Seguida por cuatro de sus hombres, «Mystery» desapareció en la obscuridad, dejando tras sí un tenso grupo. Ligeramente encorvados, listos para entrar en acción, Jean y Charles encañonaban sin titubeos a los furiosos secuaces de Van Hoffmann. Marelli y sus tres hombres estaban inmóviles, aguardando el menor descuido de los otros.

Era como un cuadro fantástico, convertido en dramática realidad por las miradas de odio que los rivales intercambiaban: una escena que Gustavo Doré hubiese pintado con deleite, un sombrío grabado en blanco y negro.

Tras un rato, el intenso silencio se rompió: la bocina de un auto sonó tres veces. Instantáneamente, Marelli se llevó la mano al bolsillo, pero Charles chasqueó la lengua reprobatoriamente, y Marelli, viendo que un revólver lo apuntaba, permaneció inmóvil. Alerta, vigilando aún el menor movimiento de los hombres de Marelli, Jean y Charles retrocedieron, paso a paso.

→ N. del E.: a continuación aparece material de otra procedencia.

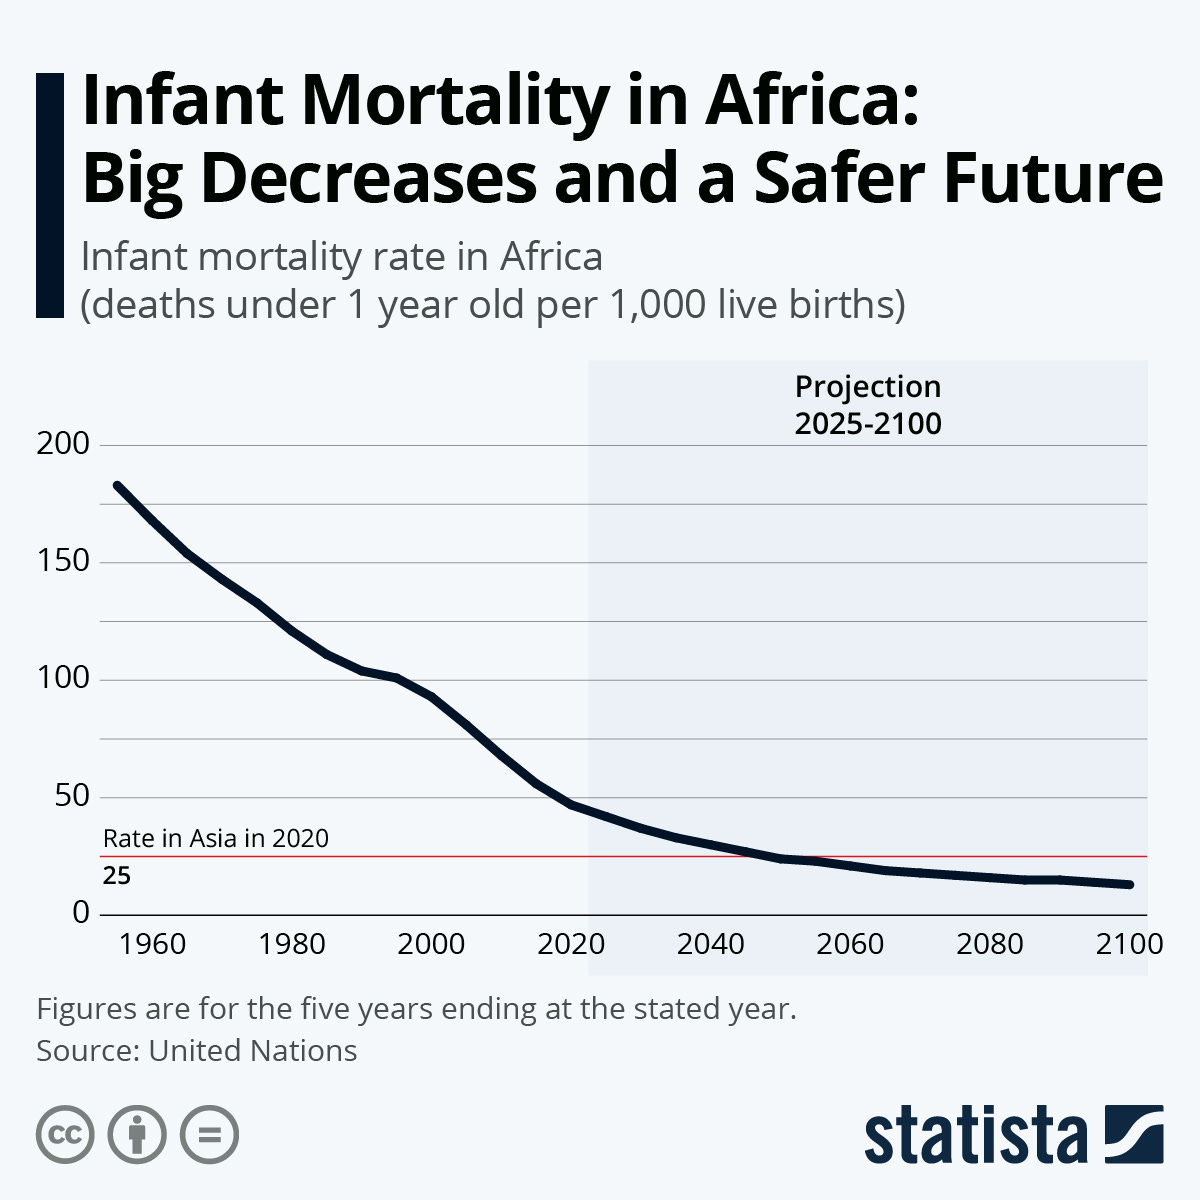 Infant Mortality in Africa: Big Decreases and a Safer Future

Luego, repentinamente, desaparecieron en la obscuridad. Al instante, Marelli y sus compinches se lanzaron hacia el camino, tropezando con árboles y arbustos. Un disparo de revólver resonó en el aire; luego, otro y otro más. En la distancia, un auto se puso en marcha; pocos segundos después, otro lo siguió.

Por fin, la calma y el silencio retornaron. Sonia estaba sola con el inconsciente herr Cattelmann, que dormía echado de bruces sobre la mesa.

Entonces, la muchacha dejó escapar una risa histérica. Como respondiendo a una señal, otra figura surgió de la obscuridad que rodeaba la enramada.

—Ahora los verdaderos papeles —pidió Hartley, con voz tranquila.

Sonia señaló al alemán.

—En el bolsillo interior de su saco, cosidos al forro —repuso, y luego, rio de nuevo, menos histéricamente, pero con más regocijo.

—El asalto, los disparos, la cacería en auto… Todo me recuerda una obra de Shakespeare, monsieur.

—¿Shakespeare? —inquirió Hartley, mientras se apoderaba de un pequeño hato de papeles cosido al forro de la chaqueta del alemán.

—Mucho ruido y pocas nueces —explicó Sonia.